--- Your goal ---
From the records below, print only the part that opens with the line containing "An idea that" and closes with the line containing "In 1985, the"; omit the pictures.

--- Input ---

########

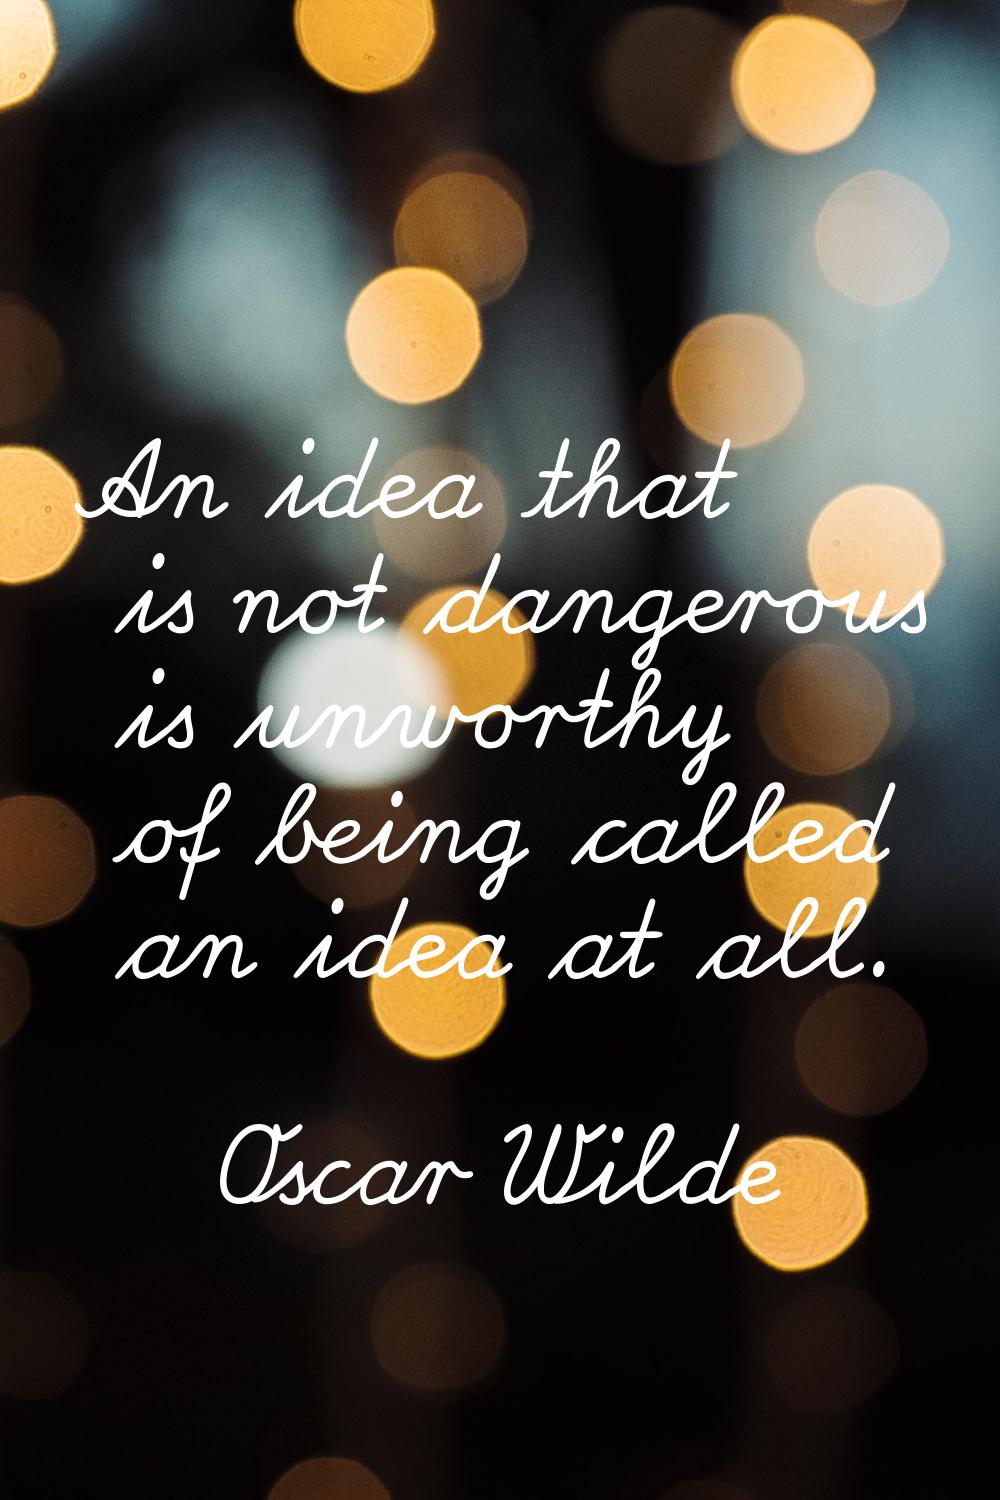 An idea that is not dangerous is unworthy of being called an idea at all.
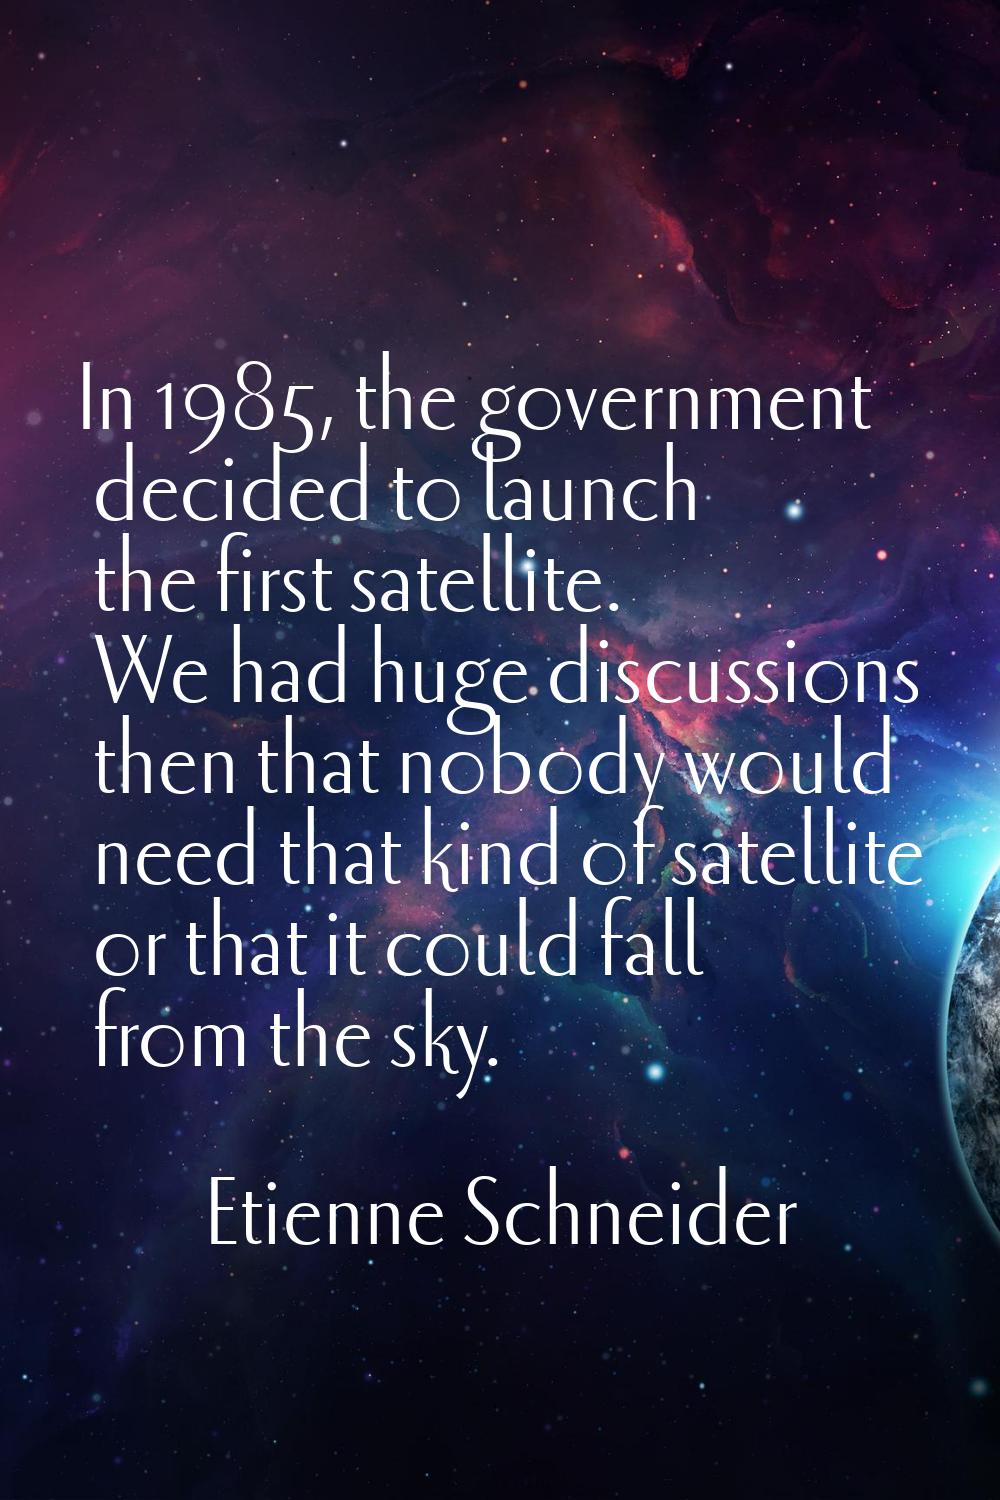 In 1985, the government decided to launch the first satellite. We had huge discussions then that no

########

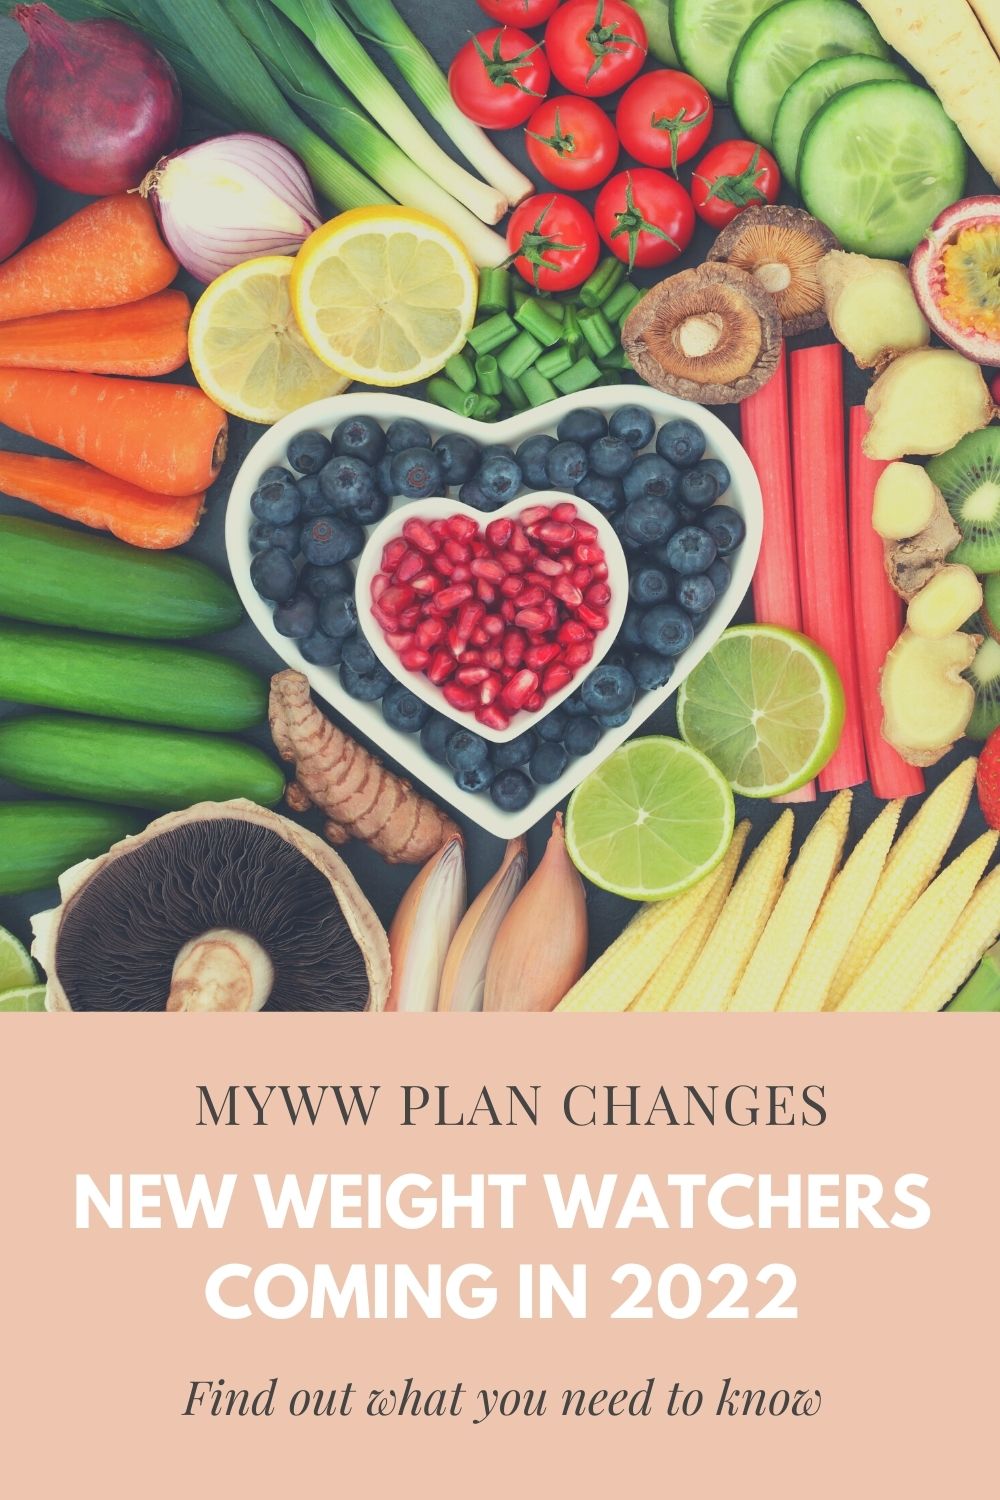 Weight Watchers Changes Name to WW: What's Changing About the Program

########

--- Answer to the exercise ---
 An idea that is not dangerous is unworthy of being called an idea at all.
 In 1985, the government decided to launch the first satellite. We had huge discussions then that no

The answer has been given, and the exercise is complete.